“我知道。”
“你会不会觉得我很麻烦?”
“不会。”乐乐说,“我只是有时候会着急。”
“急什么?”
“急你总把喜欢这件事想得像考试。”乐乐看着她,“非得先确认自己有没有准备好,值不值得,能不能答对,才敢往前走一步。”
她语气不重,却句句都戳中她。
“可有些事情不是这样。”乐乐说,“不是你把题都做明白了,才会开始发生。很多时候,是先发生了,你再慢慢学。”
窗外有一片银杏叶贴着玻璃滑下来,留下一道很浅的影子。宋荷坐在那片安静里,忽然觉得自己像被人轻轻往前推了一下。不是逼迫,而是终于有人站在她对面,很认真地告诉她:你可以不用什么都准备好,才允许自己喜欢。
她张了张口,最后只问:“那如果学不好呢?”
乐乐看着她,神情安静得近乎温柔。
“那就慢慢学。”她说,“反正我也不比你好到哪儿去。”
宋荷怔了一下。
“你不是很会吗?”
乐乐轻轻扯了一下嘴角,像笑自己:“我只是看起来很会。”
这句话一落下来,宋荷忽然明白,原来她们在某些地方比想象中更像。只不过她把迟疑和慌乱写在脸上,而乐乐会先把它们整理好、藏起来,再装作一切都还稳得住。
她心里忽然软得一塌糊涂。
“乐乐。”
这是她第一次当着她的面,直接这样叫她。
声音不大,却像把某种一直停留在聊天框里的亲近,终于落到了现实里。
乐乐眼神很轻地变了一下,像被这声叫得怔住。
“嗯?”
宋荷看着她,手心都在出汗,还是慢慢把后半句说了出来。
“我会学的。”
这句话说完,宋荷自己先安静下来。
她从来不是那种擅长承诺的人。不是因为不真诚,而是因为她太清楚自己有多少做不到的时刻。她会拖延,会退缩,会在真到该往前走的时候先怀疑自己一步。所以“我会学的”这四个字从她嘴里出来,几乎已经算得上某种罕见的郑重。

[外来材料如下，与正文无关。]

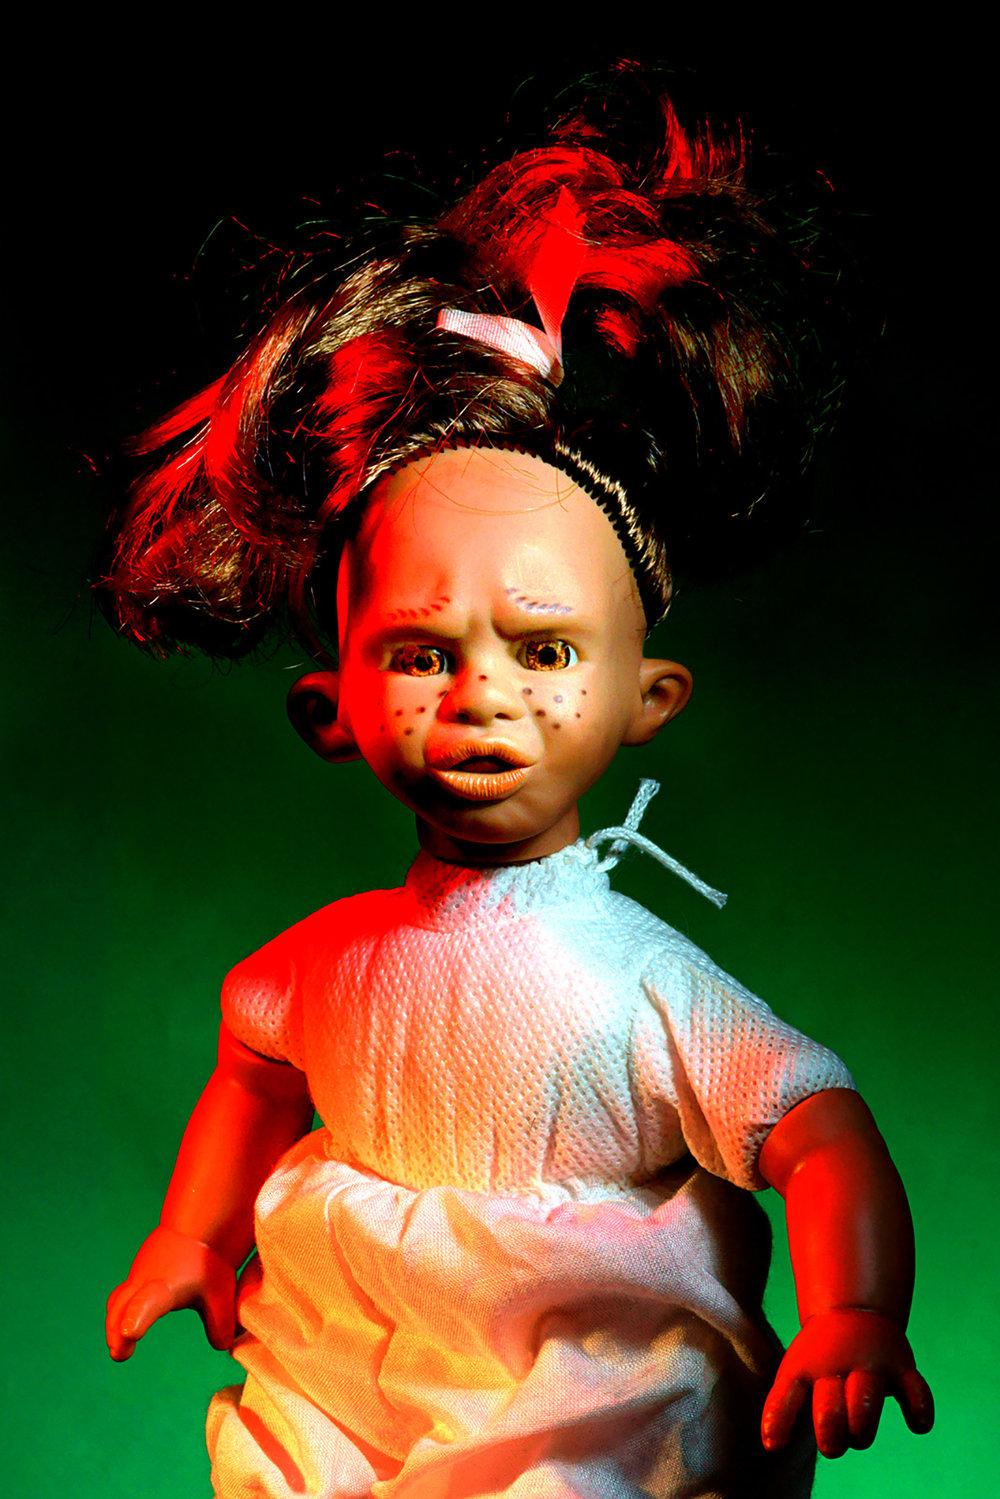 Kevin Mallett - doll with attitude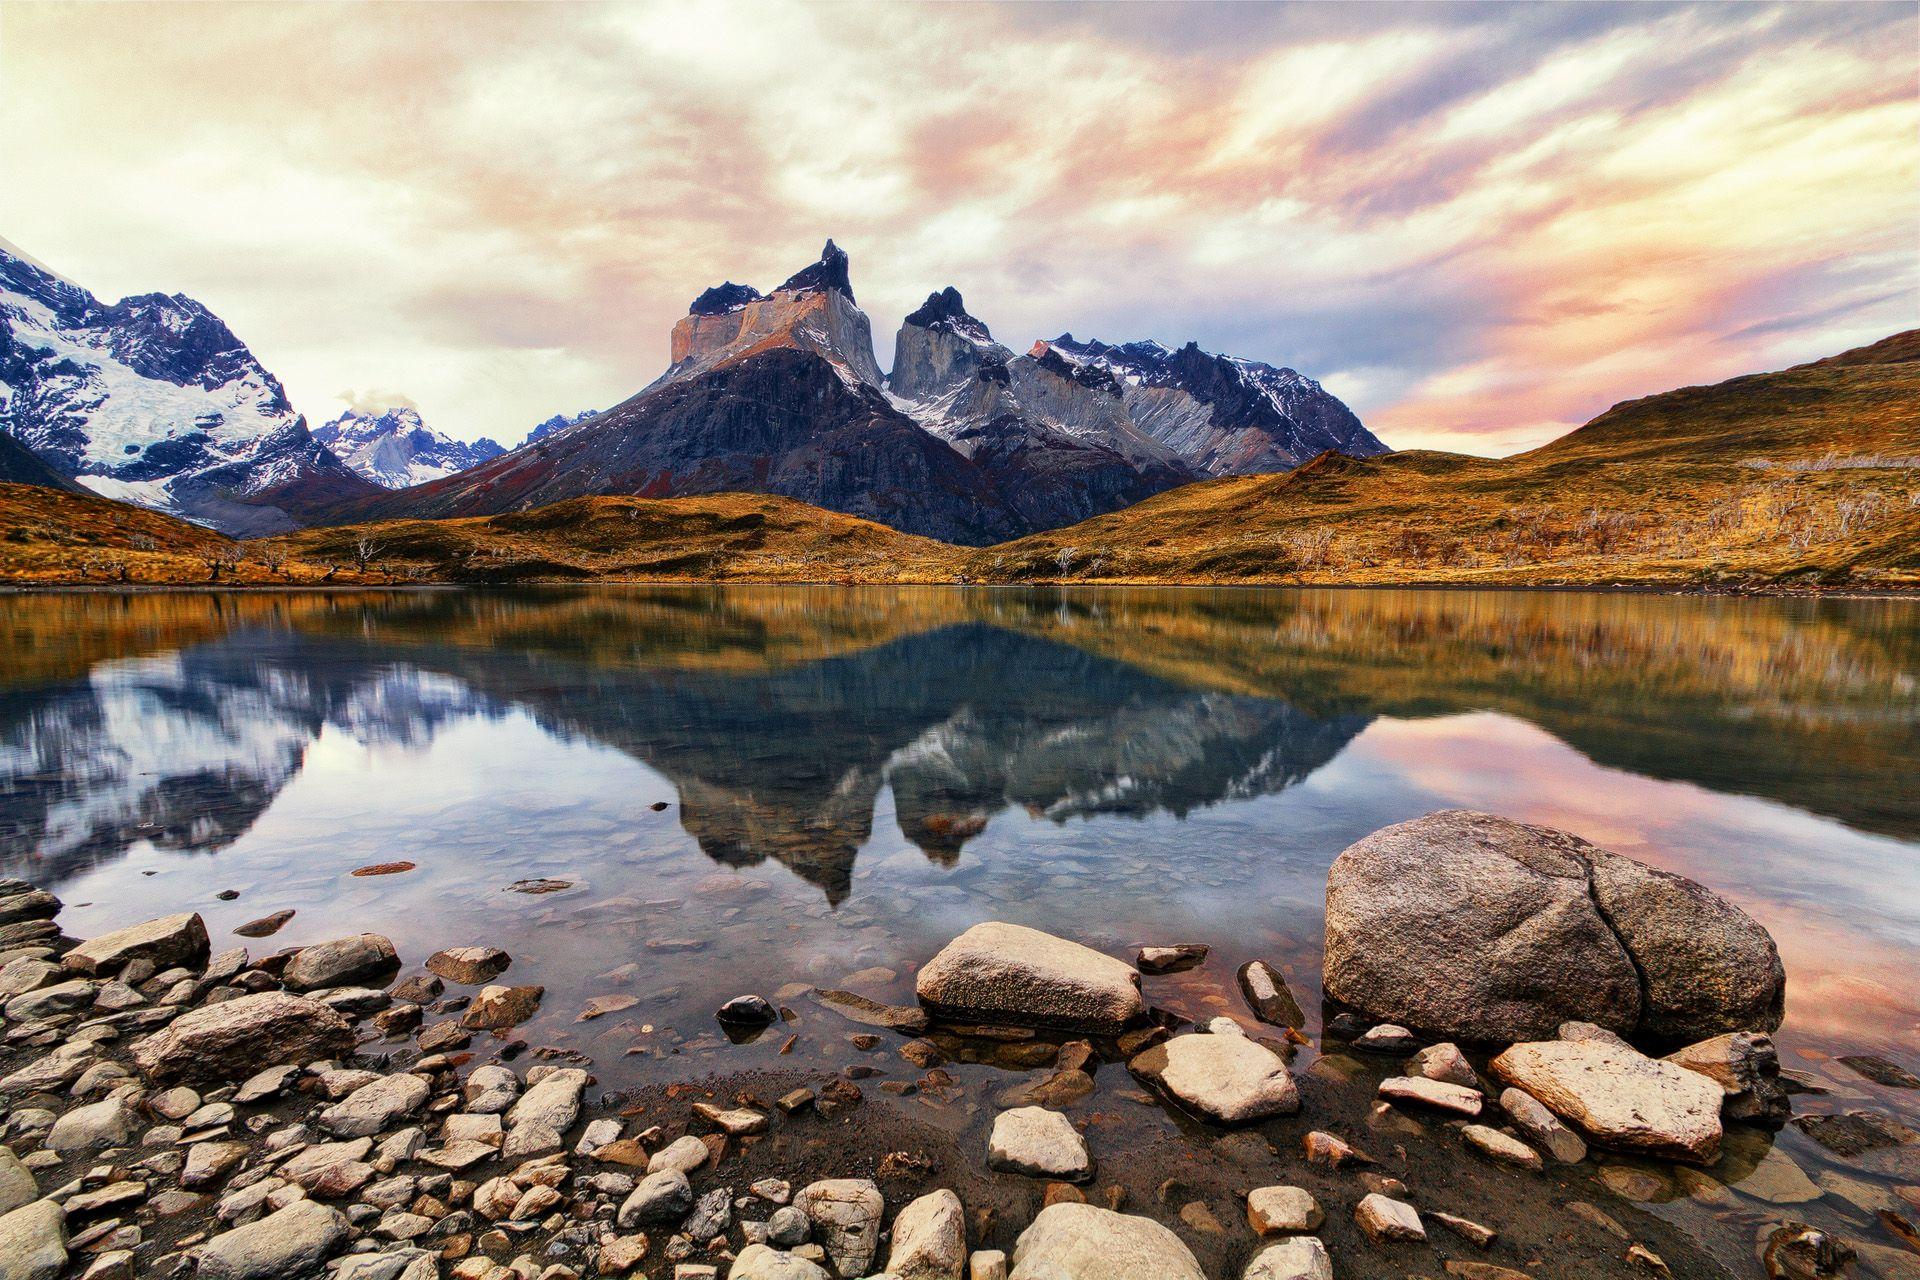 reflection, Lake Pehoé, sunset, mountains, colorful sky, cuernos del paine, Cordillera Paine,Torres del Paine National Park, Parque Nacional, Patagonia, Chile

乐乐看着她,眼神里那点原本压着的情绪一点点松开,最后只是很轻地笑了一下。
“那我等着。”
宋荷心里像被什么轻轻碰了一下。
不是轰然一声的激烈,反而更像一颗石子落进很深的水里,先是“咚”地一沉,然后涟漪才慢慢荡开。她低头看着自己握着书页的手,忽然觉得指尖都有点发热。
她们后来在图书馆里又坐了十几分钟。
其实也没做什么。乐乐把手机重新拿起来,回了两条组里的消息;宋荷把那本散文集又翻了两页,根本没看进去。两个人之间的空气却和先前完全不一样了。像是同样的窗光、同样的书架、同样安静到能听见远处拉椅子的声音,可某种看不见的东西已经从刚才那一场短暂而真切的对话里伸出来,停在她们中间,不肯再退回去。
宋荷会忍不住抬头看她。
她平时本来就爱偷偷看乐乐,只是以前更多是看她说话、看她做事、看她站在热闹和忙乱里的样子。今天不一样。今天她每抬一次头,心里都很清楚,乐乐也已经知道她在看。那种被看见以后反而更没法藏的在意,让她连目光都带一点发烫。
乐乐显然也察觉到了,却没再像前面那样追着逗她。她只是偶尔抬眼,和她对上视线,然后很轻地弯一下嘴角,像在默许她这种有点笨拙的坦白。
快四点的时候,乐乐终于收起手机,低声说:“我真得送你去地铁站了。”
“嗯。”
这一次,宋荷没有再故意磨蹭。
她知道今天已经够多了。多到如果再多留一会儿,她怕自己会把什么东西看得太清楚,反而不知该怎么承受。可真正站起来的时候,她心里还是有一点很轻的舍不得,像把手从一块刚捂暖的地方收回来,难免会觉得空。
从图书馆出来时,天已经不像中午那样亮了。